WHAT YOU ARE ASKED TO DO:
Your task is to find every line of the data that holds the string "Foto" and copy it.

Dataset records
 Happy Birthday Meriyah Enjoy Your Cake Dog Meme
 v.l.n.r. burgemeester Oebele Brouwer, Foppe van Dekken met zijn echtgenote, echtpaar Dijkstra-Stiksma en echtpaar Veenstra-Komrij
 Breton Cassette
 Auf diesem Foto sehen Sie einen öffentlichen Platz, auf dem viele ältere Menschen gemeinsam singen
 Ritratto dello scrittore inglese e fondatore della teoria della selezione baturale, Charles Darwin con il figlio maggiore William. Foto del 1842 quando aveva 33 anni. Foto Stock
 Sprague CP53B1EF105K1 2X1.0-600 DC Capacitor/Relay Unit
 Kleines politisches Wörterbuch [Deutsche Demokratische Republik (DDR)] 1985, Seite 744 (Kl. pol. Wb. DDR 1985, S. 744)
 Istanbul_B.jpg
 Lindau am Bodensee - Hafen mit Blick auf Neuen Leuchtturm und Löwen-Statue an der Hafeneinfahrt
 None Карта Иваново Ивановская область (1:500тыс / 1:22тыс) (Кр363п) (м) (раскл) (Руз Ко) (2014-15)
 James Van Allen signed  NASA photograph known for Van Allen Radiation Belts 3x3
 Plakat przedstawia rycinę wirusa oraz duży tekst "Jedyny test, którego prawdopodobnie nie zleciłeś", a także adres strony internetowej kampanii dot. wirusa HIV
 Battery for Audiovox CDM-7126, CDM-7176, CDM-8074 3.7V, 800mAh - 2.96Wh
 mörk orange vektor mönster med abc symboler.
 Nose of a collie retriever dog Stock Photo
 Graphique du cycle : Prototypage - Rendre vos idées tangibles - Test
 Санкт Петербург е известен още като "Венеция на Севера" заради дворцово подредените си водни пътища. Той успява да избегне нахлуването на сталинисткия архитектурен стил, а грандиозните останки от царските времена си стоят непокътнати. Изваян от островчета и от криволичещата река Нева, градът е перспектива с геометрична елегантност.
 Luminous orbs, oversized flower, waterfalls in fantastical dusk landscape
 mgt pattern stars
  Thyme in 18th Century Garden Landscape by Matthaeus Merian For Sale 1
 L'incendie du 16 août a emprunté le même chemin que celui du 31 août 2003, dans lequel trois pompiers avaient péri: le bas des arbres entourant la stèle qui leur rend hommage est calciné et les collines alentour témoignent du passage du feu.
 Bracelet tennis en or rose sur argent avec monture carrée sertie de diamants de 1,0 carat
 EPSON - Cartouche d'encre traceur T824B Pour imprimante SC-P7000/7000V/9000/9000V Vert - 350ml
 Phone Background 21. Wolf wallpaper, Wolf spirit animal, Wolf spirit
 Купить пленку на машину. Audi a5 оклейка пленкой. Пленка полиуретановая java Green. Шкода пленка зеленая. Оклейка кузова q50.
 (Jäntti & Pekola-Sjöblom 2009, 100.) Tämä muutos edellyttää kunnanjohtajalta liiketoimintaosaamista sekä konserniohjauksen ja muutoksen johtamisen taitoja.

ANSWER:
 Auf diesem Foto sehen Sie einen öffentlichen Platz, auf dem viele ältere Menschen gemeinsam singen
 Ritratto dello scrittore inglese e fondatore della teoria della selezione baturale, Charles Darwin con il figlio maggiore William. Foto del 1842 quando aveva 33 anni. Foto Stock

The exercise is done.